Tuesday, May 26, 2009

My Cup Runneth Over

Remember the drought?



The one that enveloped the entire southeastern part of the US. The one that started the water wars between Georgia, Alabama and Florida? The water cops were out in full force. Neighbors were ratting on neighbors for watering lawns, gardens, flower beds.



Articles were written about conservation. Some even went so far as to collect the water in their showers in buckets and reuse it for outdoor watering. And many had expensive wells dug in their yards to bypass the official water sources and watering restrictions. Lush, green lawns were suspect. Signs went up "This lawn is watered using "WELL WATER"



Plans were made to plant cactus gardens.



Lakes Lanier and Allatoona were 12 to 15 feet below average levels. Florida said they needed MORE water released from Lake Lanier so the snail darters could survive. (We human Georgians wanted to survive also). Polititians fumed and fought.



Lake front lots were dry docks. It was HOT and DRY. PARCHED. It went on and on.

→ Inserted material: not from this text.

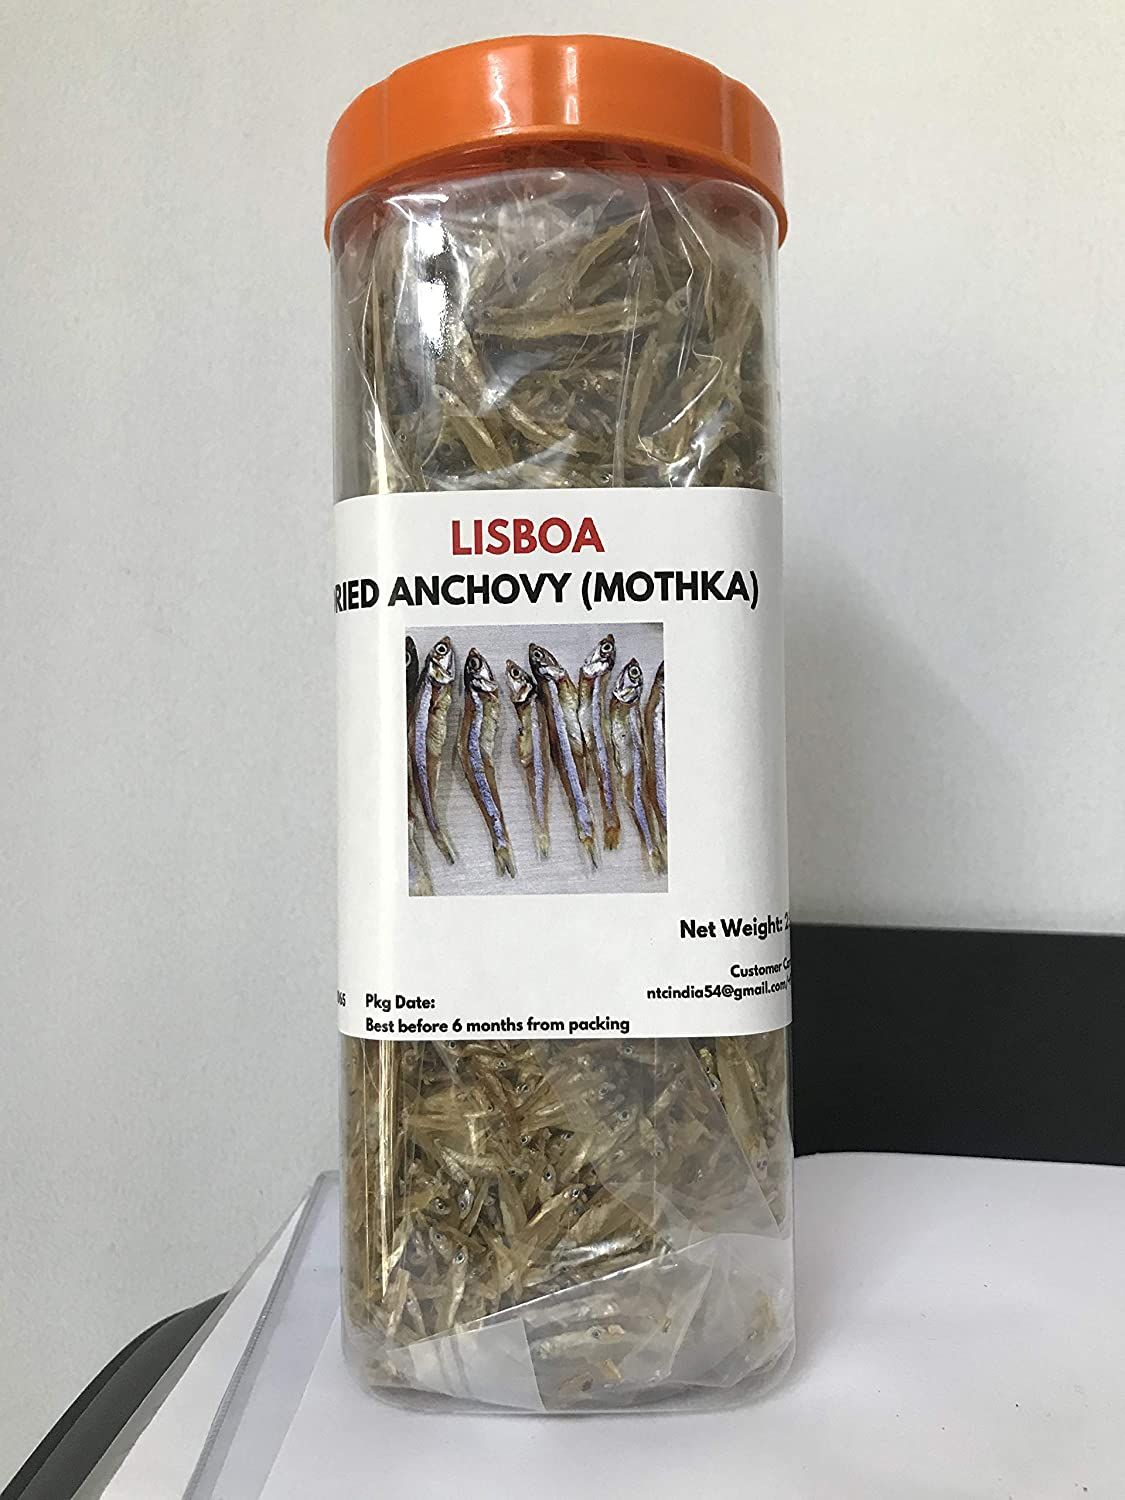 Lisboa Dry Anchovy Small Size Image

Year after year. Almost to "dust bowl" proportions. the "Okies" among us were considering loading up the pickups and heading for California.



Then March, April and May 2009 came:



"Unusually active weather pattern brings frequent torrential rains to the Southeast. The last week of March and first week of April brought a shift in the large-scale weather patterns across the Southeast U.S., characterized by an active pattern with frequent low pressure systems moving across the northern Gulf Coast. Several of these systems were slow-moving, allowing soaking rains and thunderstorms to dump heavy accumulations of rain over the two-week period across most of Georgia, Alabama, and North Florida.. The widespread nature of the heavy rainfall has resulted in flooding of low-lying or poorly-drained areas and record or near-record floods on some Georgia and North Florida Rivers."

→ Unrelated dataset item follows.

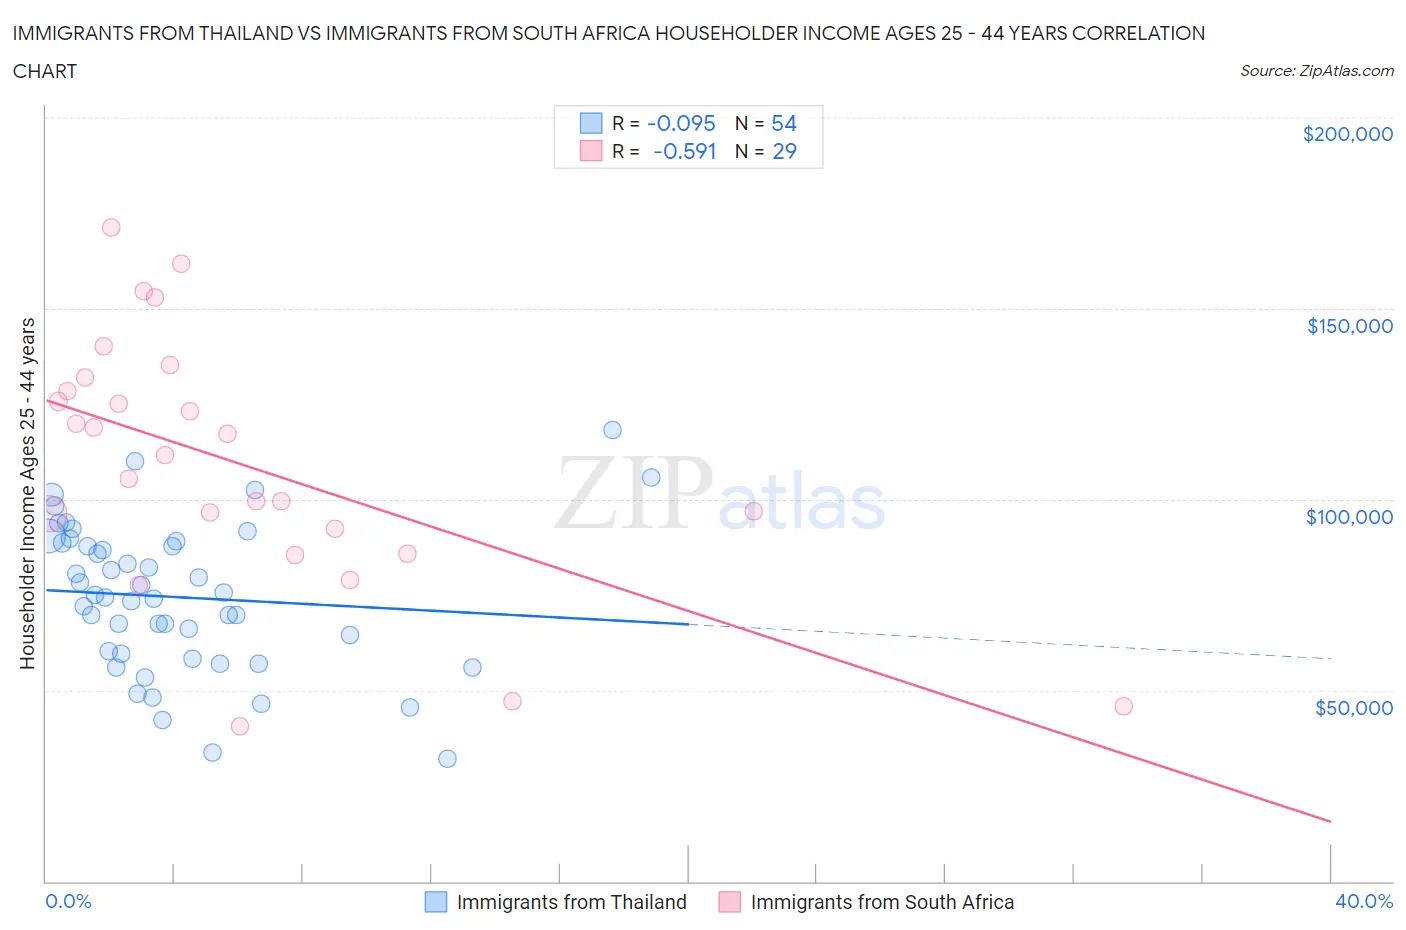 Immigrants from Thailand vs Immigrants from South Africa Householder Income Ages 25 - 44 years

And according to WSB-TV Channel 2 meteorologist David Chandley



"Finally, the drought is OVER!.
As I track showers and t-storms across the southeast, I found this little nugget on the computer. For the first time in more than 2 years, the state of Georgia is drought free!! "







Oh. And by the way. about a month ago we had a soaker system installed for our tiny front yard and new shrubs.

Probably that did it and the heavens opened up and blessed us all with



Rain.

Beautiful Rain.

Wet wonderful water.

Rain.



cloudburst, deluge, drencher,flood, liquid sunshine, monsoon, pouring, raindrops, rainstorm, sheets, showers, sun shower, torrent, wet stuff.



Whoopee!!!

8 comments:

Tabor said...

You can't fool (or fool with) Mother Nature.

kenju said...

Ain't that just the way!!

Our drought is over too, but now we're getting too much of a good thing!

cassie-b said...

Don set up a watering system for my veggie garden (at the back of our property)so that I wouldn't have to lug the garden hose out there.

I figure that's almost a guarantee that we'll have a rainy summer.

Cas
Have a great day!

Cowtown Pattie said...

True, rain in the south can be fickle, but I wouldn't count on this as the end of all ends to drought if the scientific pundits are anywhere near correct.

But, you know that :-)

Ginnie said...

Kenju is right. I live in the same area and we've had an over abundance of the good stuff...but it's still better than the drought.

joared said...

Glad you have water! I'm sure glad your drought is over, but no such luck here in Southern California. Our city is considering adopting the same conservation plan of the city of L.A. -- watering briefly only twice a week. My grass will die, as I cut back earlier, though to more than that, and it's been browning already.

Ten years or so ago I tried to convince my husband to go to natural desert landscaping in certain areas and keep only a smaller area in grass. He would have no part of that suggestion. How I do regret we had not done so, I had been more demanding, or whatever it took. I just really don't want to have to get into doing this yard, am not really able to do it myself, but may have to find someone to tackle the job.

Joy Des Jardins said...

Oh, we've definitely had our share of rain Chancy....I would have sent you some of ours during your drought if I had known. So glad all is well now.... ~Joy

Friko said...

Am I glad I live in a damp and drizzly part of the world? Hm, maybe. I love my garden and my wildflowers but I'd also like a drop of sunshine now and then. Having said that, I've actually fled indoors the last three days because we had temperatures in the high 20s!!
You can never please all of the people all of the time.